Share your dilemmas and get honest opinions from other Mumsnetters.

To not want to be my sister's rent guarantor?

72 replies

HaroldTheStallion · 31/01/2023 18:39

I have agreed to sign as my sister's guarantor so that she can rent a flat and I will do so. But I really don't want to and hate that DH and I are in this position.

My sister is bipolar and in addition to this she and I are not close. She blames me for a lot of things to do with our childhood, most of which were not my fault (and some were, but we were both children). She never makes any effort to see me, in fact actively avoiding me, and yet when she wants something I am expected to provide it (expected by our parents and by her).
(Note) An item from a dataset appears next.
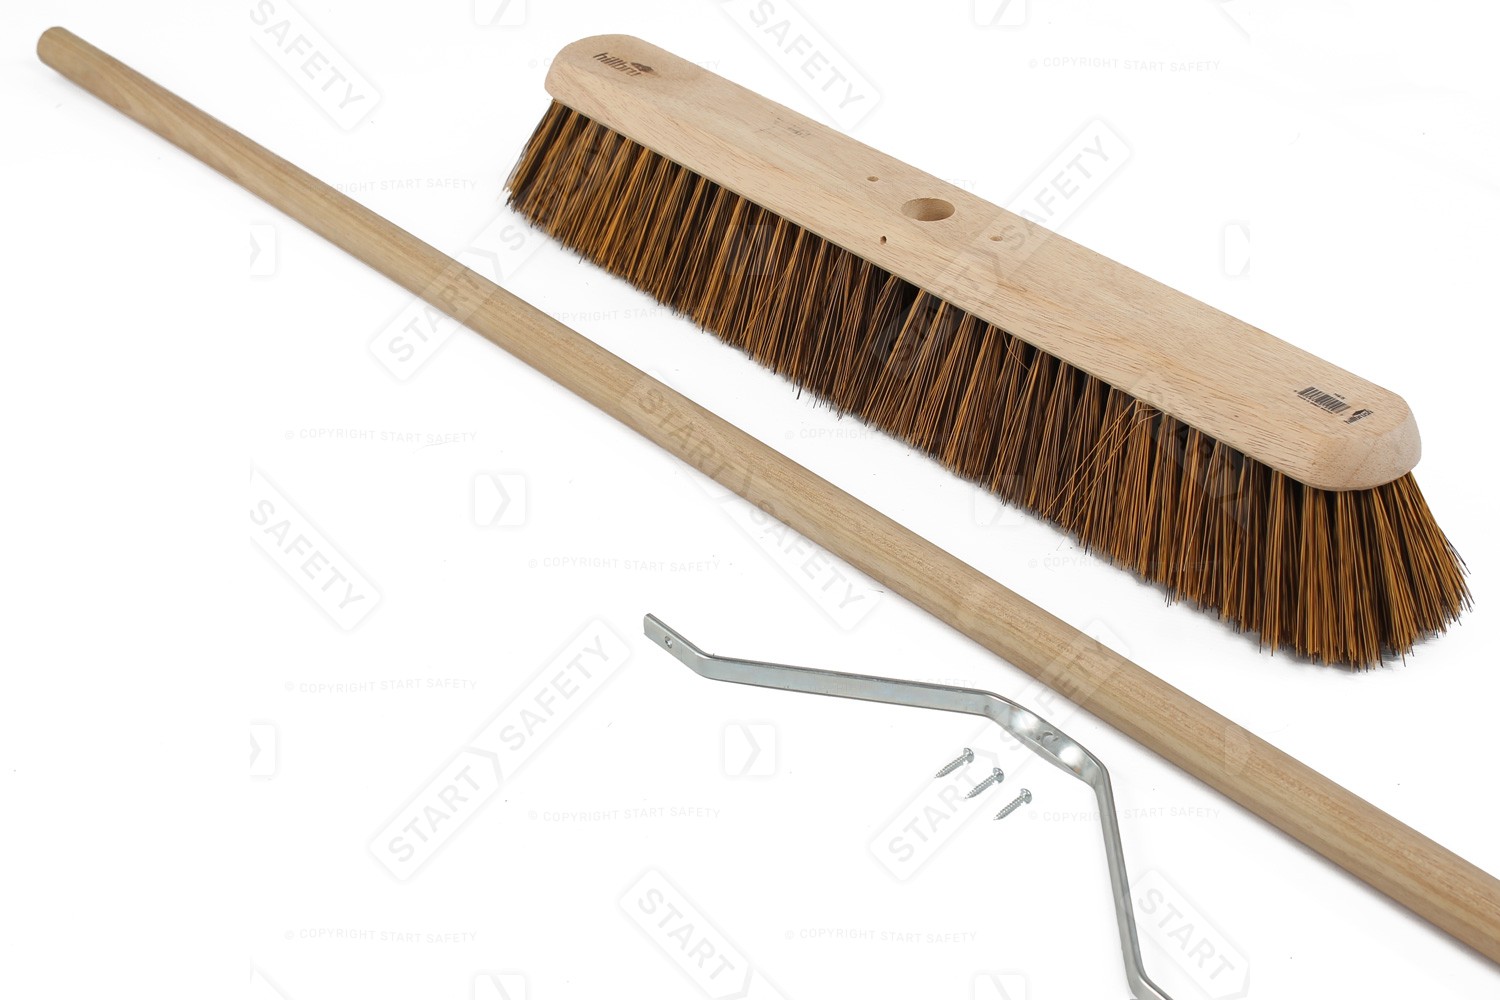 Hillbrush H4/5 With Stay And Handle
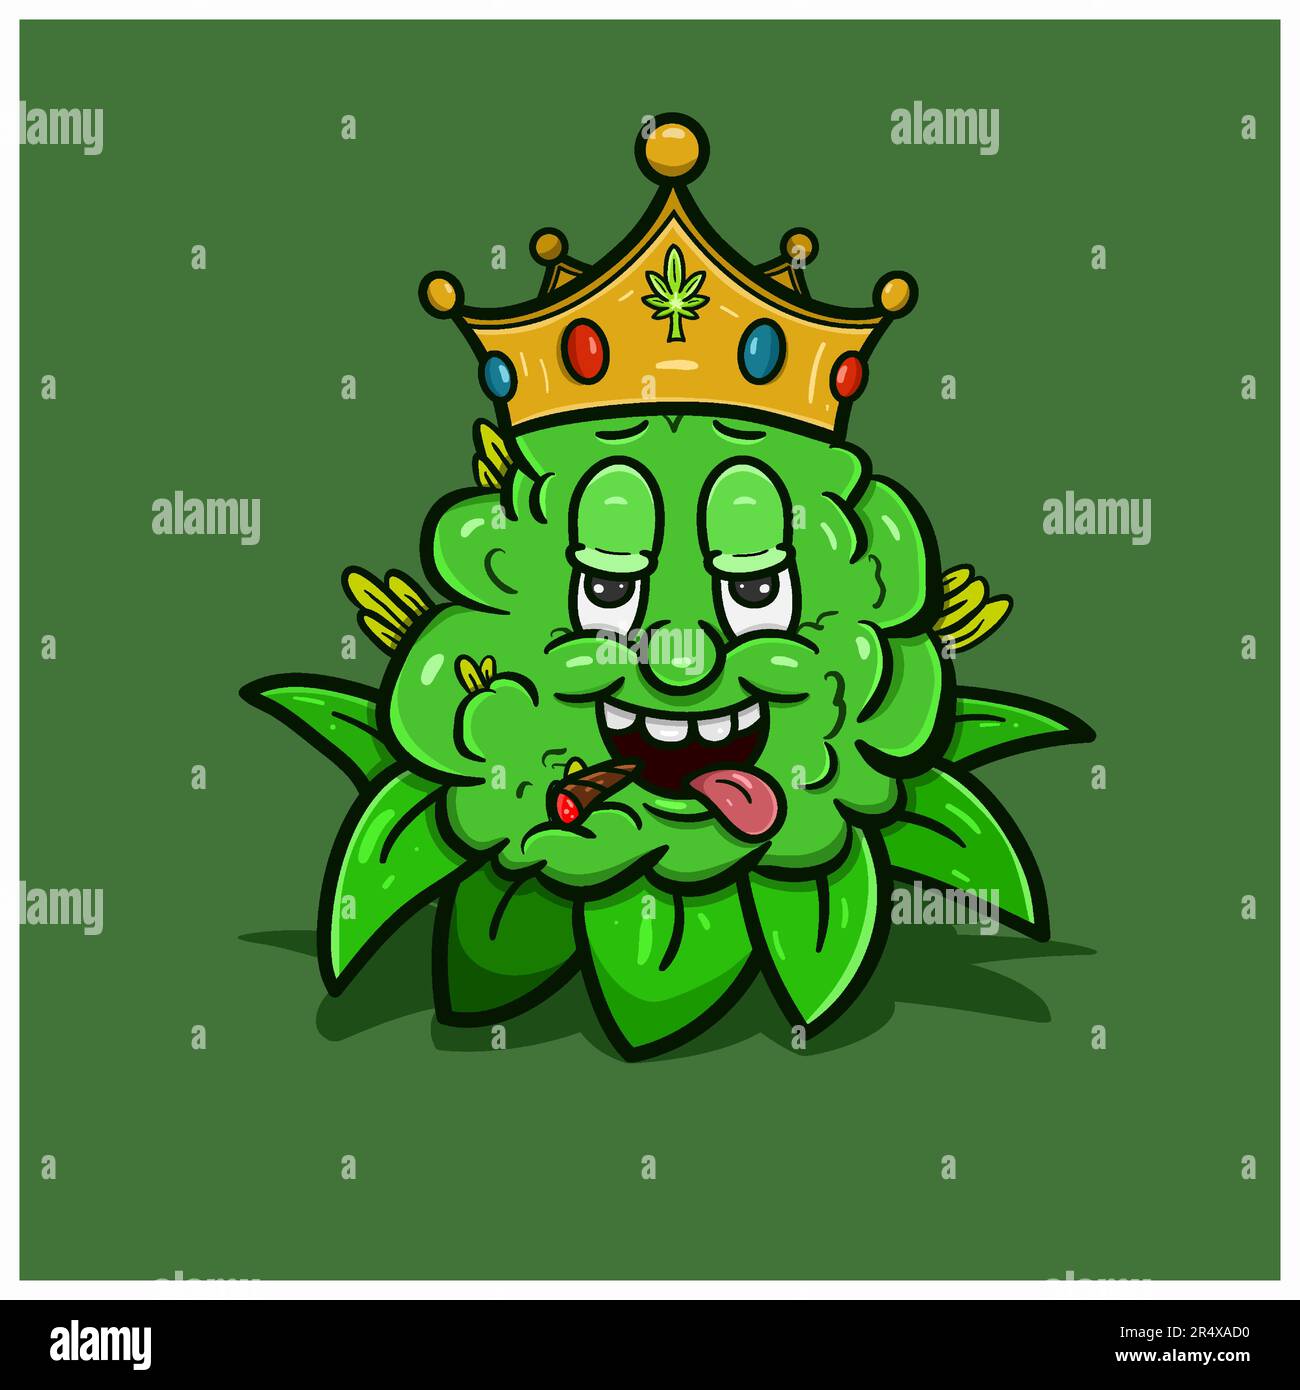 Cartoon Mascot Of Weed Bud Wearing Crown. Suitable for Brand, Logo, Sticker, t-shirt Design and other Product. Vector And Illustration Stock Vector

Before the pandemic, she was living in our home country and I was in the UK. For 3 years, she didn't work, claiming she couldn't find a job (she could have but chose not to) and our father paid her rent and bills. He subsequently had to move to a cheaper flat as she had drained him of so much money he could no longer afford his home. At this point with both my father and sister in danger of becoming homeless, my parents and I encouraged my sister to move to the UK to live with me and my husband. She lived with us rent free for a year.

My sister then, to her credit, got a job and moved out into her own flat, with my husband and I signing as guarantor. This is because our father lives in our home country and can't sign, and our mother is a pensioner without many assets. For 2 years now she has paid her bills and kept her job - it's been great.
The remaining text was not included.